Bo Zhang; Chenxi Wang; Dingchu Zhang; Donglei Yu; Fei Huang; Gang Fu; Guangyu Li; Guoxin Chen; Hailong Yin; Haiyang Shen

arxiv: 2510.24701 · v3 · pith:W6AUY5MMnew · submitted 2025-10-28 · 💻 cs.CL · cs.AI· cs.IR· cs.LG· cs.MA

Tongyi DeepResearch Technical Report

Tongyi DeepResearch Team: Baixuan Li , Bo Zhang , Dingchu Zhang , Fei Huang , Guangyu Li , Guoxin Chen , Huifeng Yin , Jialong Wu

show 48 more authors

Jingren Zhou Kuan Li Liangcai Su Litu Ou Liwen Zhang Pengjun Xie Rui Ye Wenbiao Yin Xinmiao Yu Xinyu Wang Xixi Wu Xuanzhong Chen Yida Zhao Zhen Zhang Zhengwei Tao Zhongwang Zhang Zile Qiao Chenxi Wang Donglei Yu Gang Fu Haiyang Shen Jiayin Yang Jun Lin Junkai Zhang Kui Zeng Li Yang Hailong Yin Maojia Song Ming Yan Minpeng Liao Peng Xia Qian Xiao Rui Min Ruixue Ding Runnan Fang Shaowei Chen Shen Huang Shihang Wang Shihao Cai Weizhou Shen Xiaobin Wang Xin Guan Xinyu Geng Yingcheng Shi Yuning Wu Zhuo Chen Zijian Li Yong Jiang

This is my paper

Pith reviewed 2026-05-21 19:18 UTC · model grok-4.3

classification 💻 cs.CL cs.AIcs.IRcs.LGcs.MA

keywords agentic large language modeldeep researchautomatic data synthesisinformation seekinglong-horizon tasksMoE modelbenchmark performanceend-to-end training

0 comments

The pith

A 30.5 billion parameter agentic model activates only 3.3 billion parameters per token to reach state-of-the-art results on long-horizon deep research benchmarks.

A machine-rendered reading of the paper's core claim, the machinery that carries it, and where it could break.

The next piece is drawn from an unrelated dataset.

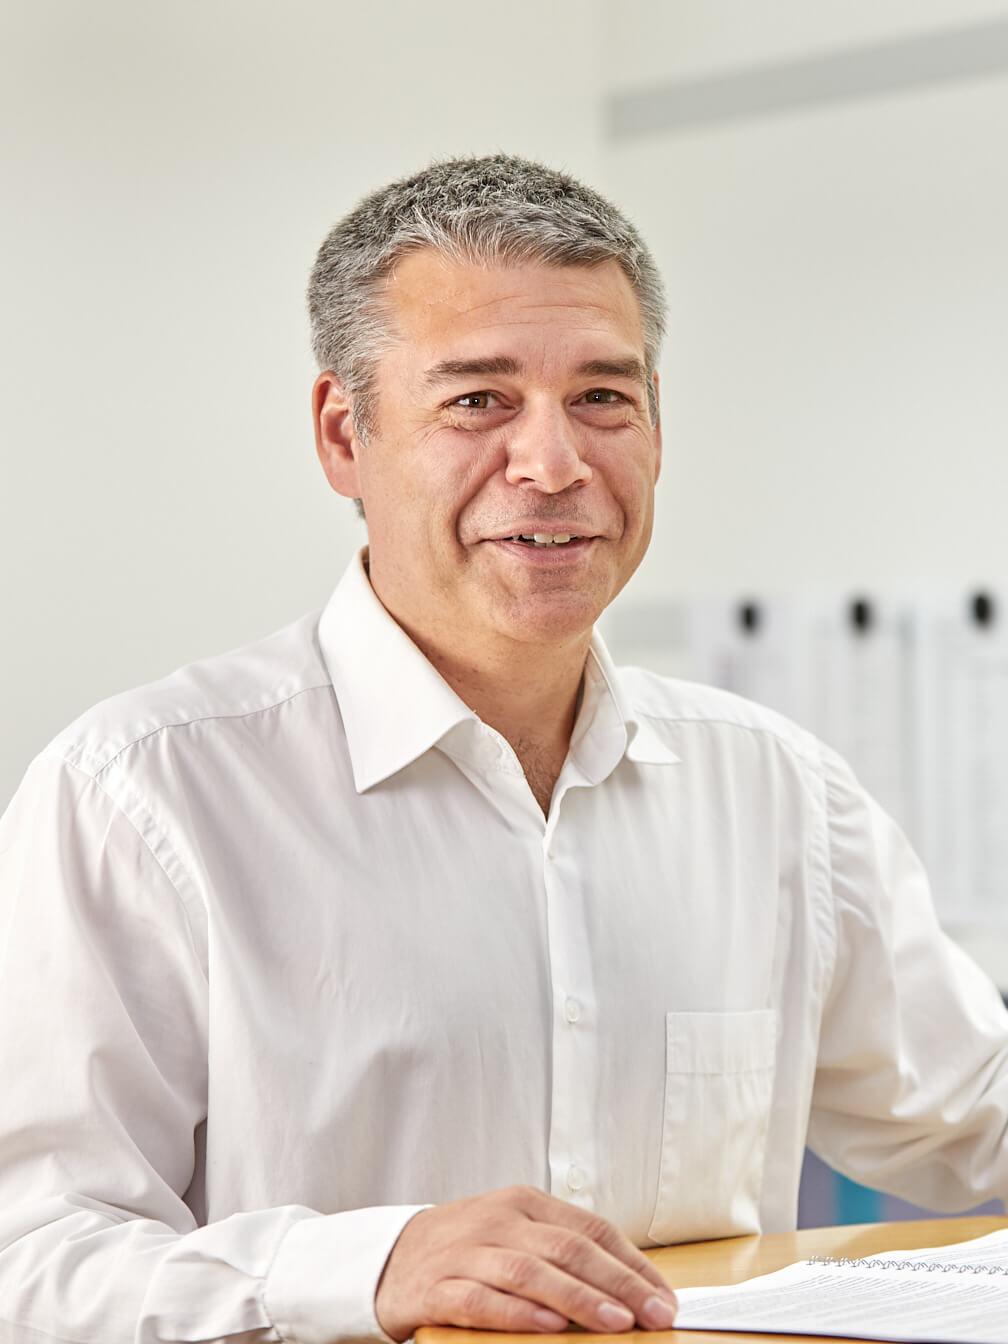 Stefan Ranzinger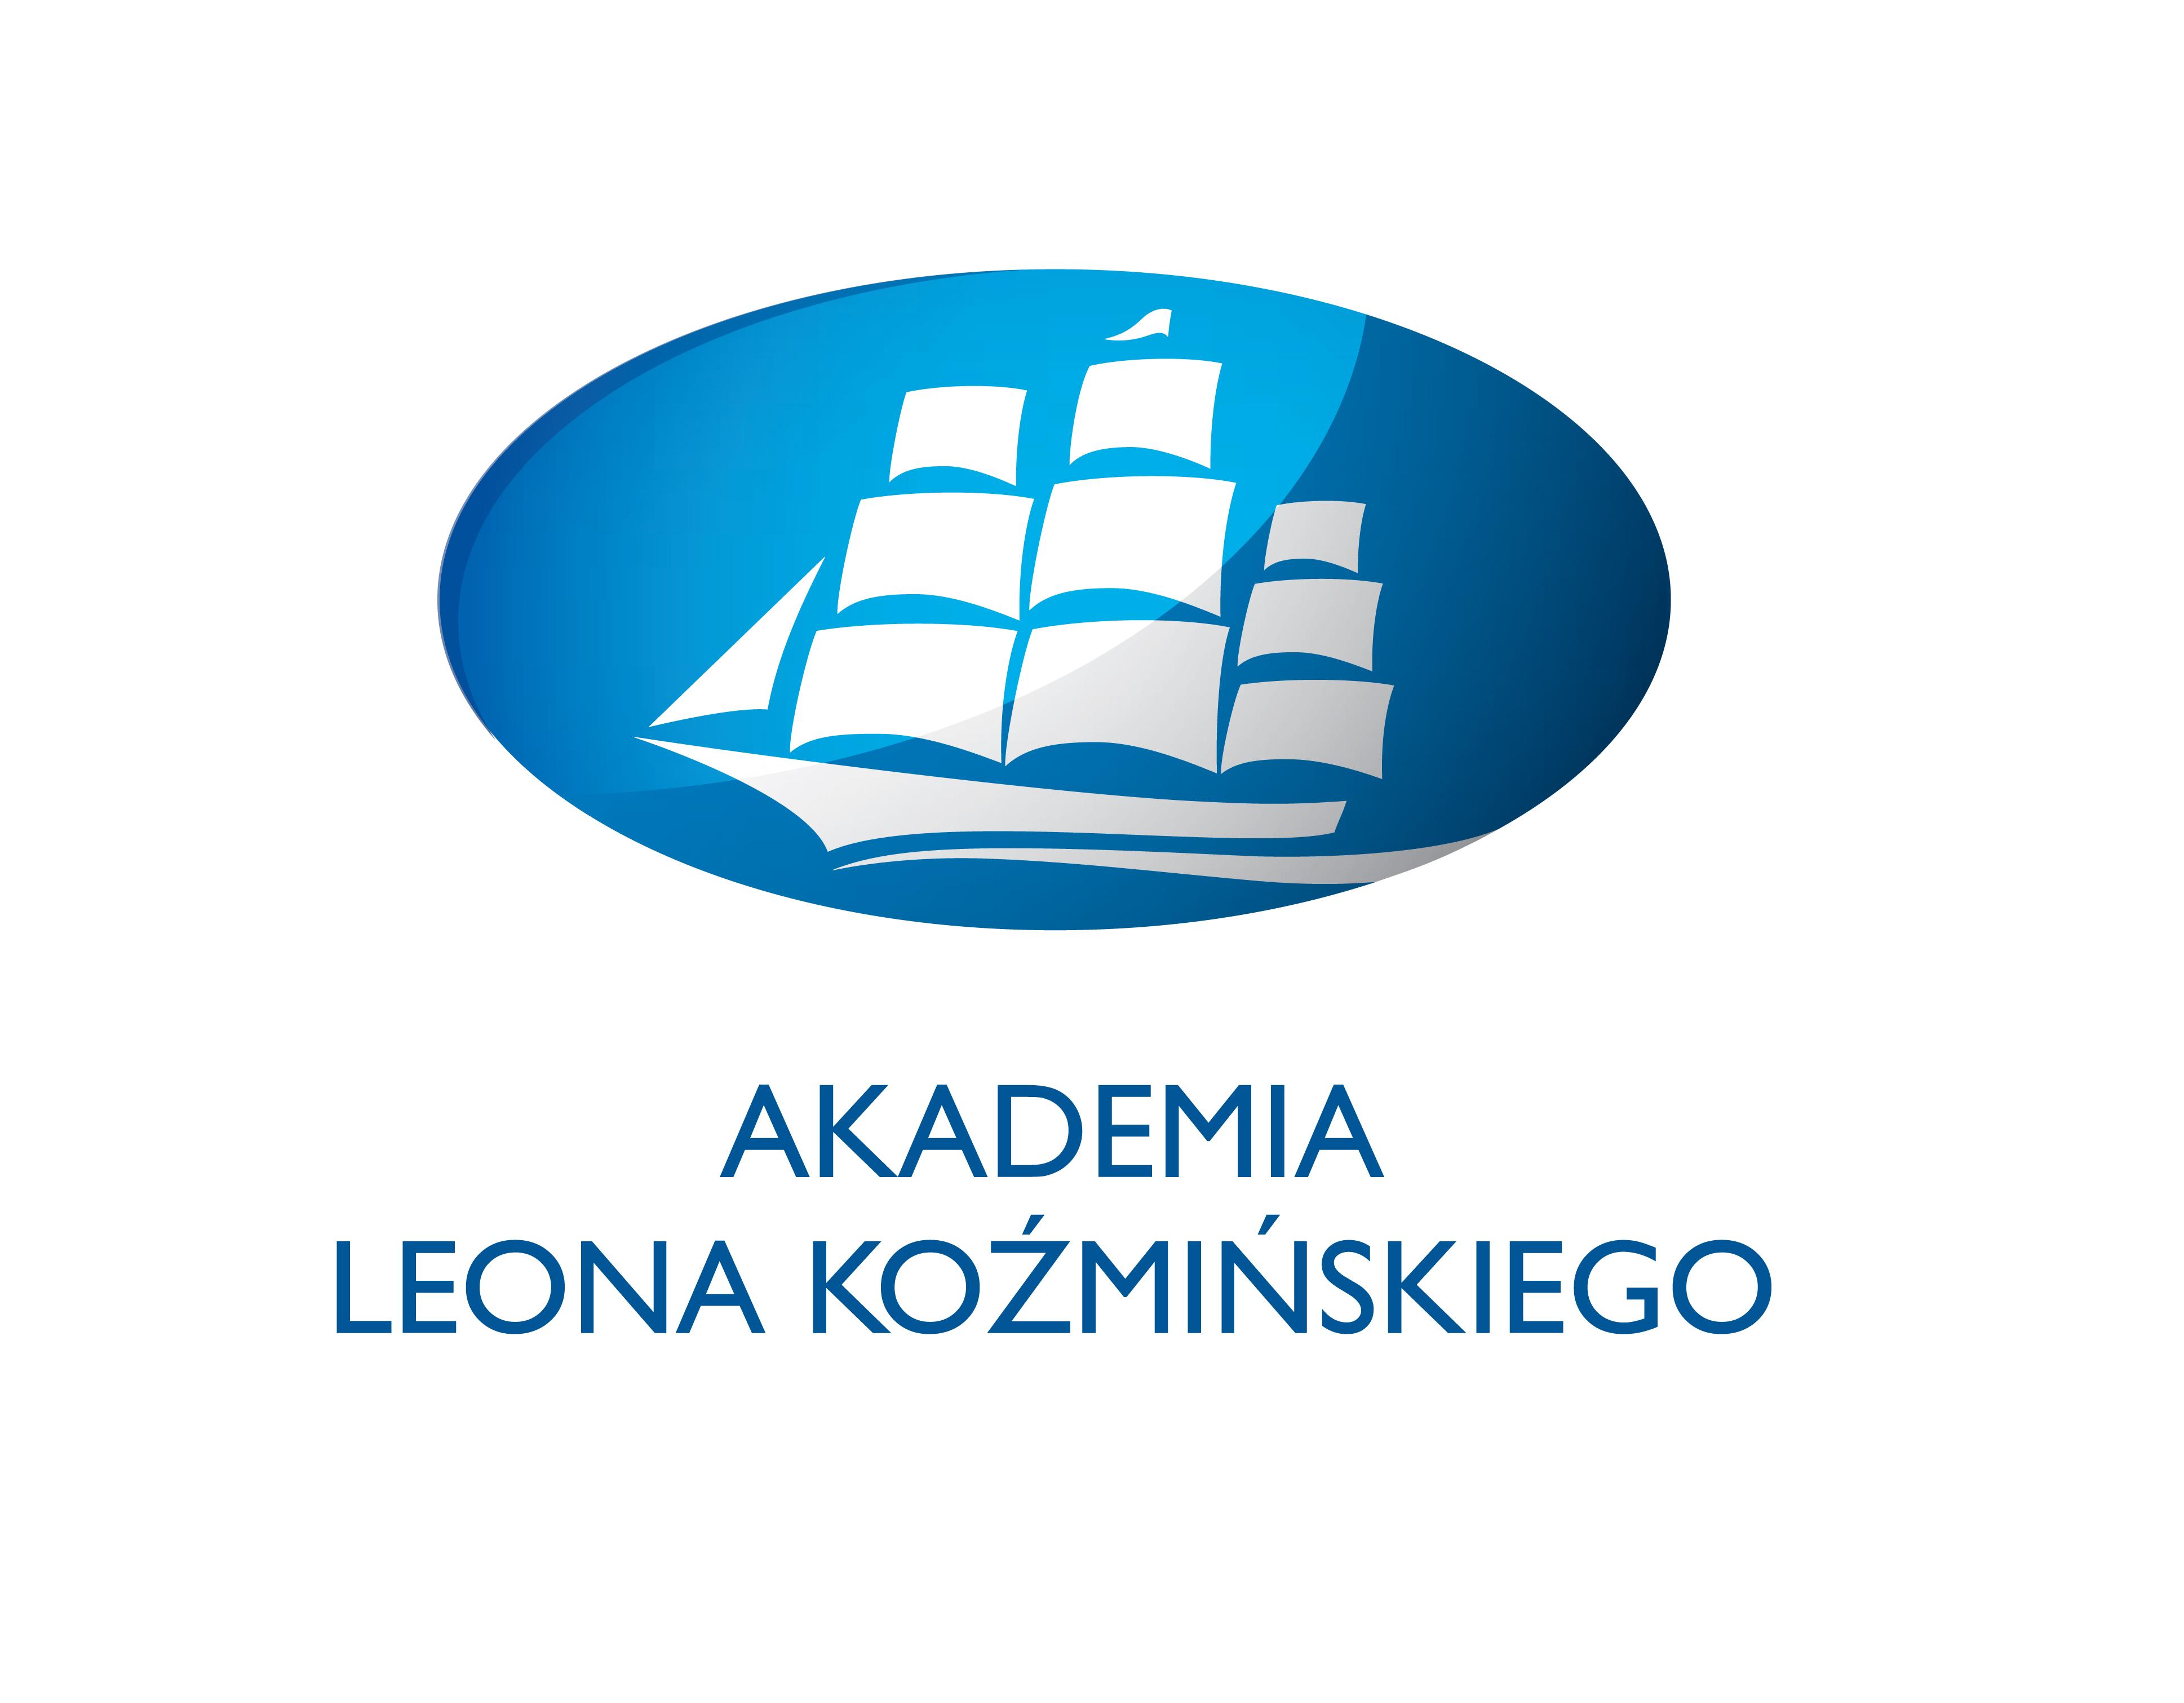 Doskonałym sposobem na rozwijanie kariery jest studiowanie (fot.mat.pras.)

The paper introduces Tongyi DeepResearch as an agentic large language model built for long-horizon deep information-seeking research tasks. It develops the model through an end-to-end training framework that combines agentic mid-training and agentic post-training. A fully automatic data synthesis pipeline supplies all training data without human annotation, and customized environments maintain stable interactions at every stage. This approach yields superior performance on multiple agentic benchmarks including Humanity's Last Exam, BrowseComp, BrowseComp-ZH, WebWalkerQA, xbench-DeepSearch, FRAMES, and xbench-DeepSearch-2510. The model is released with its framework and solutions to support further community development.

Core claim

Tongyi DeepResearch is an agentic large language model specifically designed for long-horizon, deep information-seeking research tasks. It is developed through an end-to-end training framework that combines agentic mid-training and agentic post-training, enabled by a highly scalable fully automatic data synthesis pipeline that requires no human annotation. Customized environments for each training stage support stable and consistent interactions. Featuring 30.5 billion total parameters with only 3.3 billion activated per token, the model achieves state-of-the-art performance across agentic deep research benchmarks such as Humanity's Last Exam, BrowseComp, BrowseComp-ZH, WebWalkerQA, xbench-

What carries the argument

The end-to-end training framework of agentic mid-training and agentic post-training, powered by a fully automatic scalable data synthesis pipeline and stage-specific customized environments.

If this is right

The framework enables scalable reasoning and information seeking across complex long-horizon tasks.
Stable interactions occur throughout all training stages due to the customized environments.
Superior results are obtained on a range of agentic deep research benchmarks without human-annotated data.
The open-sourced model, framework, and complete solutions allow direct community extension and application.
Sparse activation of 3.3 billion parameters per token supports efficient operation on demanding research tasks.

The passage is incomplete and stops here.